RONEY, Circuit Judge:
The sole question presented on this appeal is whether a movie projectionist, who is sworn as a witness before the grand jury and then shows films to it, is a "witness under examination," and therefore an authorized person before the grand jury, in accordance with Rule 6(d) of the Federal Rules of Criminal Procedure. The district court held he was not and, following a per se rule that excludes unauthorized persons from the grand jury room, dismissed the indictment. We reverse on the ground that the projectionist was a "witness under examination" within the meaning of Rule 6(d).

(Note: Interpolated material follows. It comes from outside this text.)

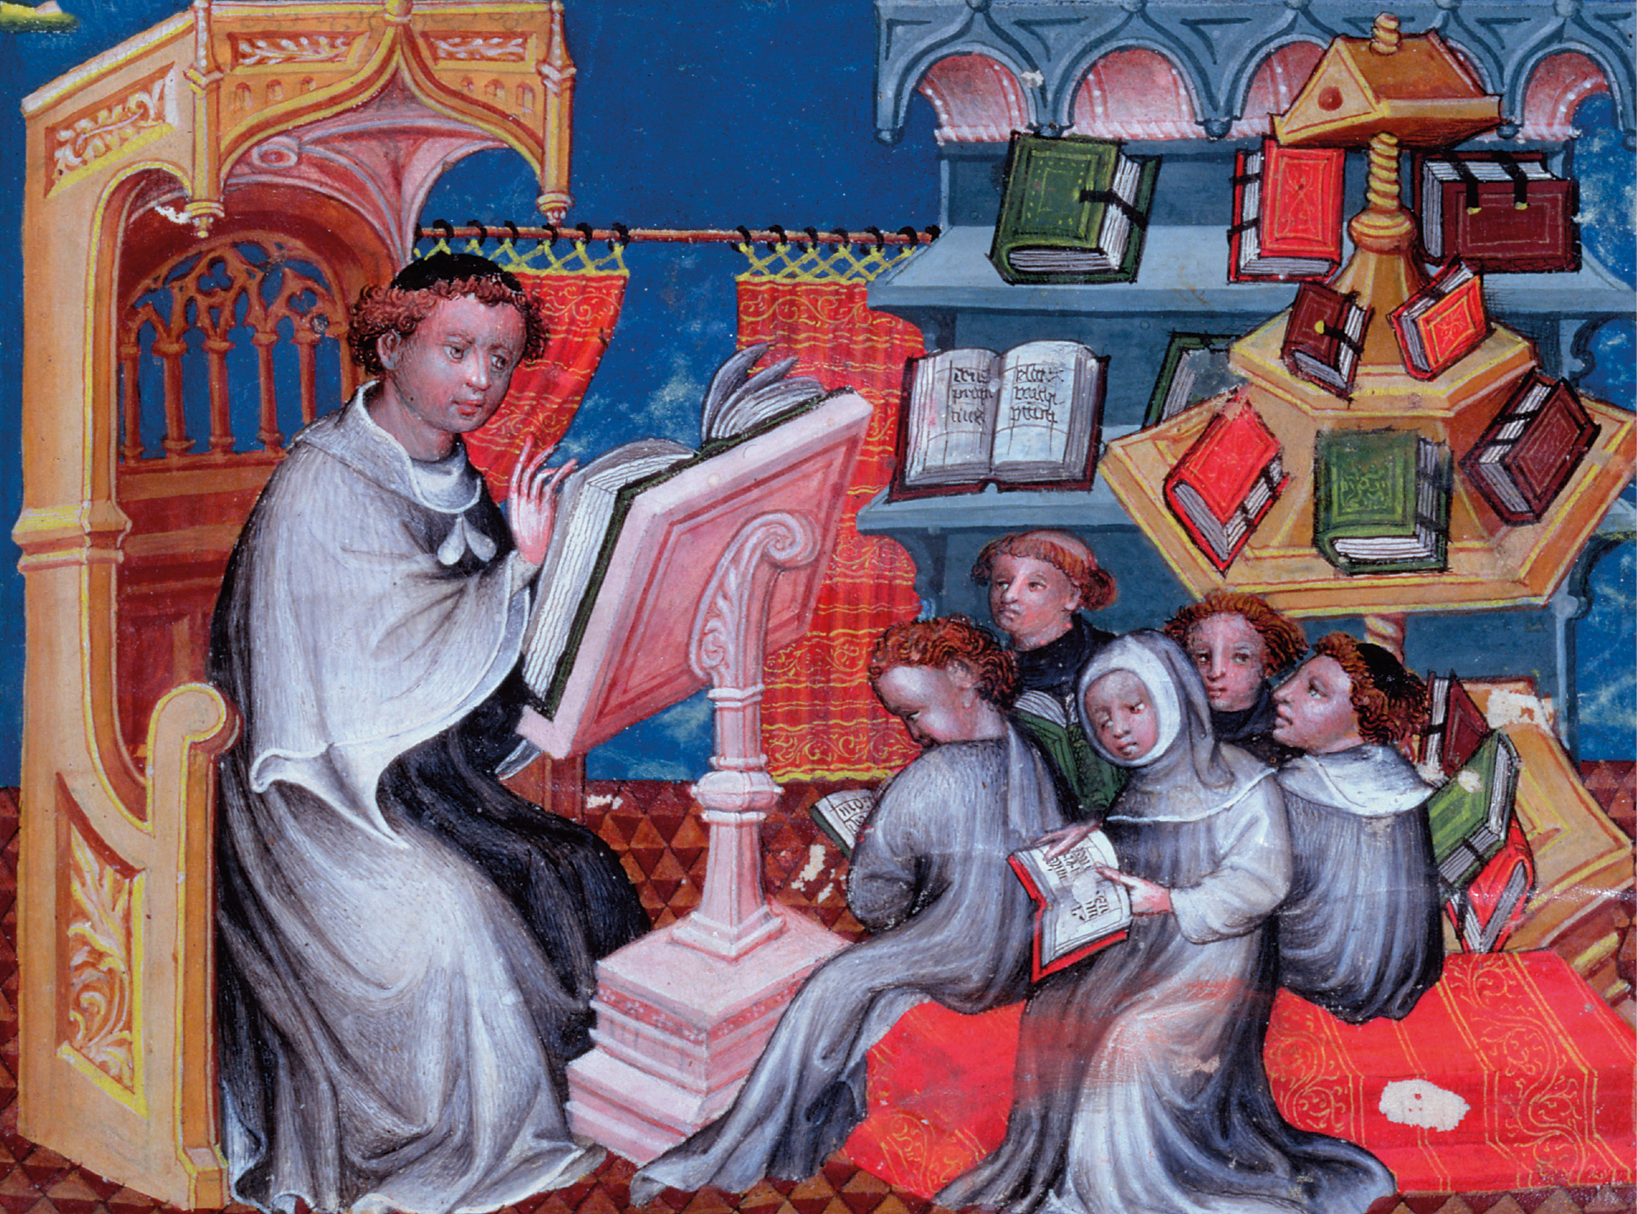 Iluminura. À esquerda, homem de vestes largas, está sentado em uma cadeira à frente de um grande livro aberto. Próximo a ele, sentadas à direita, crianças com livros nas mãos. Ao fundo, estantes com livros.

Defendants were originally charged under four indictments with the interstate transportation of obscene material in violation of 18 U.S.C.A. §§ 2, 1462. In securing these initial indictments, the Government employed a union movie projectionist to show seven allegedly obscene 35mm films to the grand jury. The projectionist was not sworn as a witness. The district court granted defendants' motion to dismiss the indictment on the ground that an unauthorized person was present in the grand jury room in violation of Rule 6(d), Fed.R.Crim.P. United States v. Echols, 413 F.Supp. 8 (E.D.La. filed 1975) (Memorandum and Order per West, J.).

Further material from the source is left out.